_RECORD EXCERPTS_:
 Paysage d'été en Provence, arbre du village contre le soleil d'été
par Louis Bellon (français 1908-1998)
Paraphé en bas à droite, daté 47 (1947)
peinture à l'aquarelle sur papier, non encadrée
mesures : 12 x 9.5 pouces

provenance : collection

==

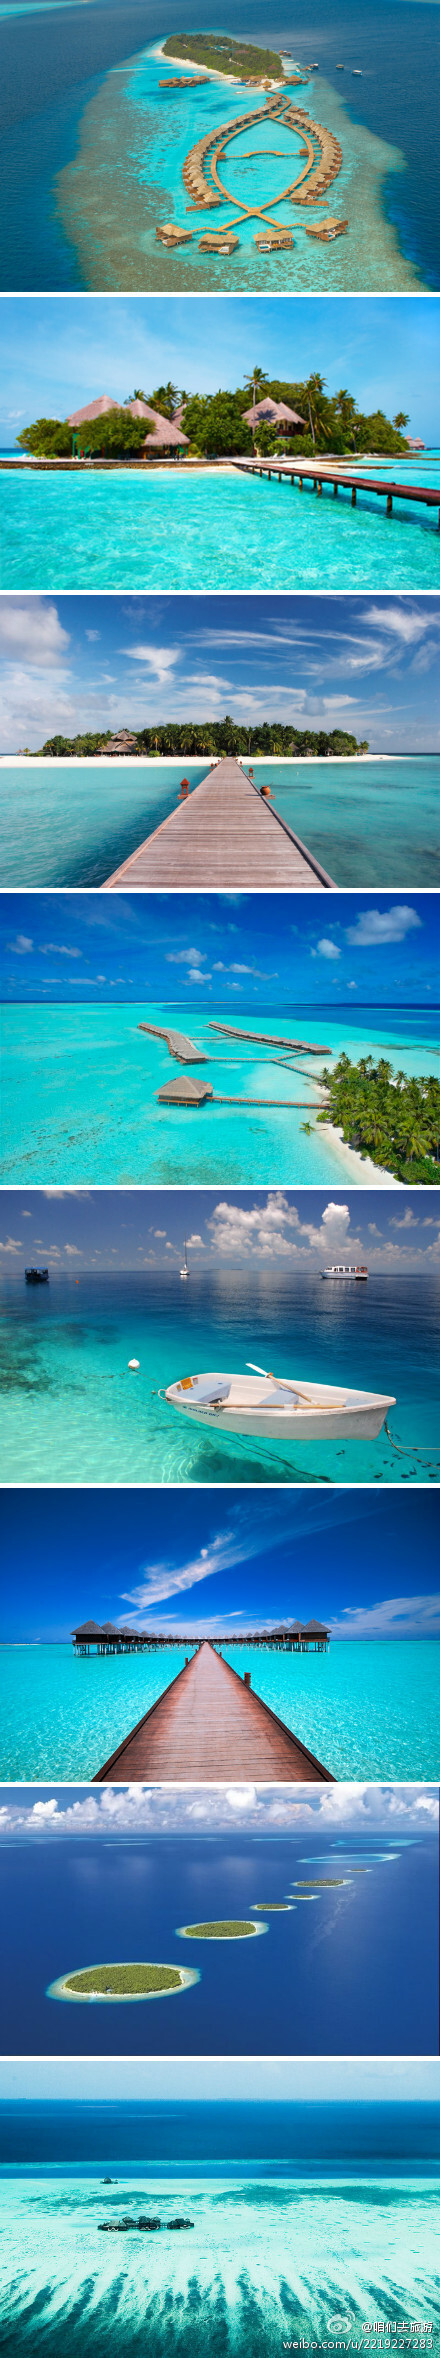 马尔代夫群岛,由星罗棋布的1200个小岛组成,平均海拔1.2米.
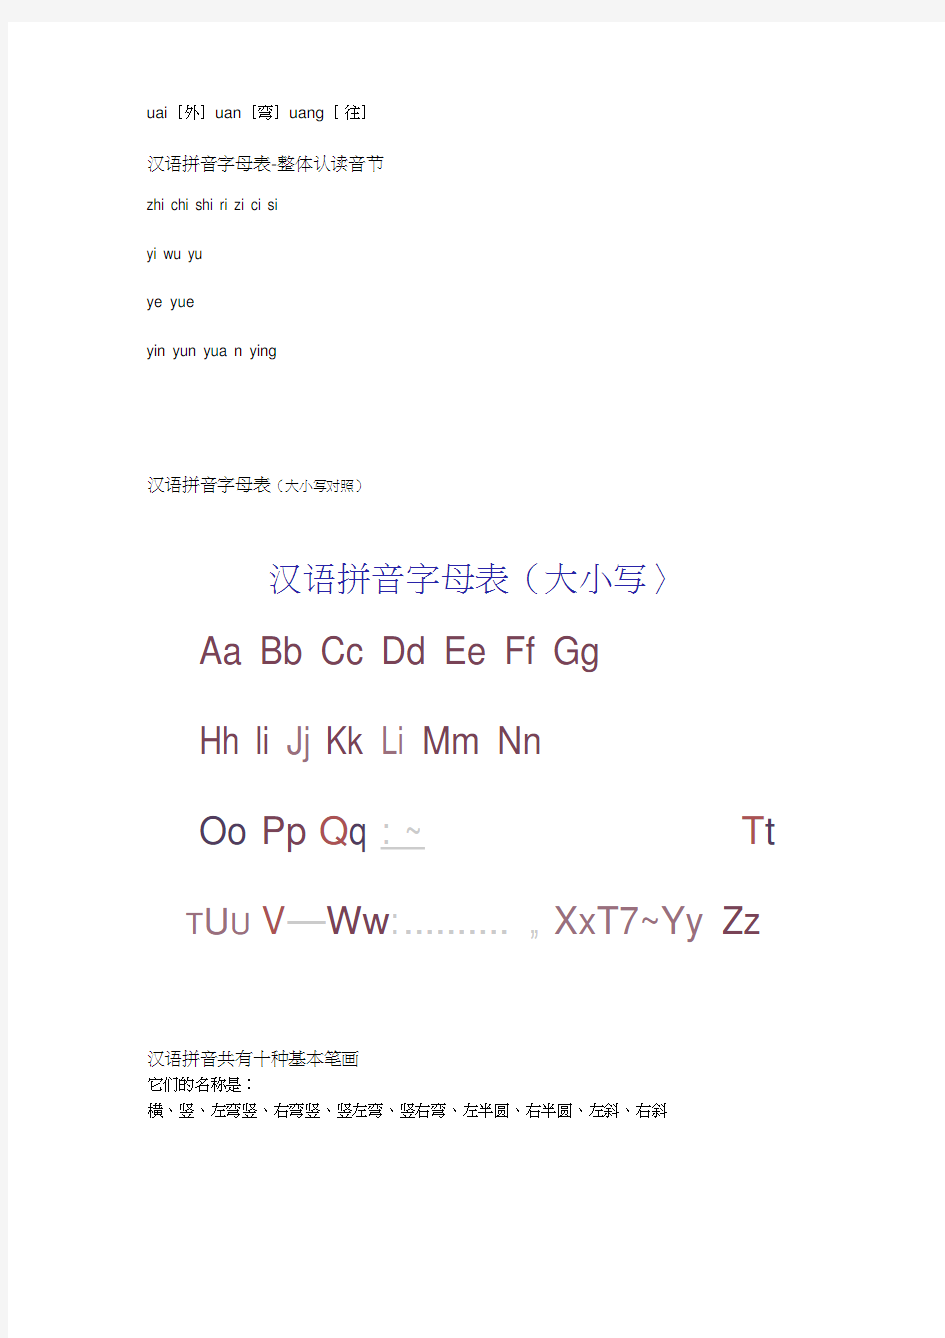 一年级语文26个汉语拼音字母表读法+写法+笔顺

--

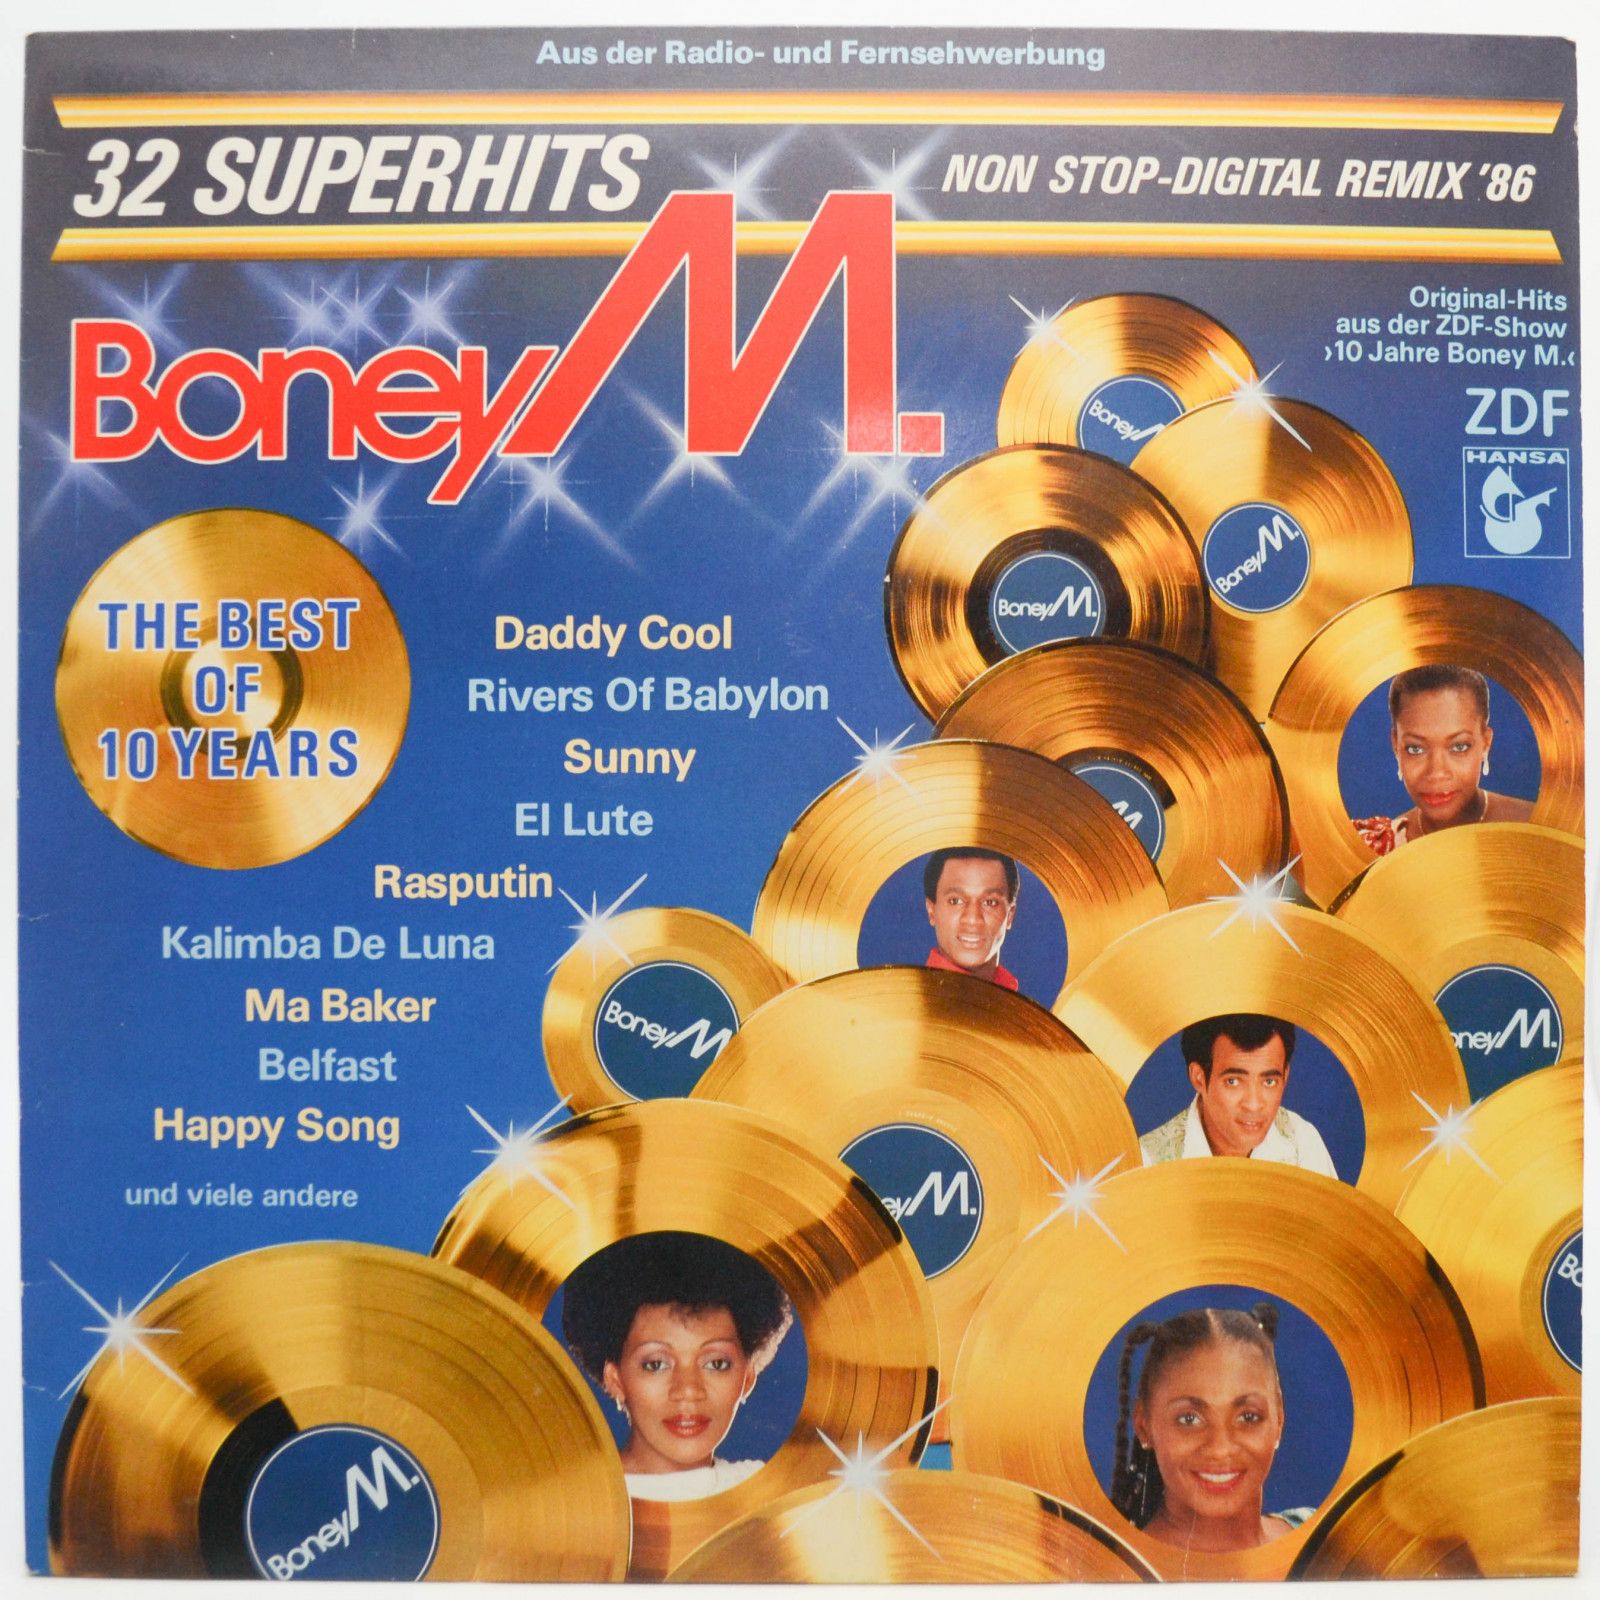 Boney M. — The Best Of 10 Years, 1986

_TASK GOAL_: Retype only this portion of the data above: the line containing "Paraphé en bas à droite, daté 47 (1947)", the line containing "provenance : collection", and all lines between them, exactly.

_SOLUTION_:
Paraphé en bas à droite, daté 47 (1947)
peinture à l'aquarelle sur papier, non encadrée
mesures : 12 x 9.5 pouces

provenance : collection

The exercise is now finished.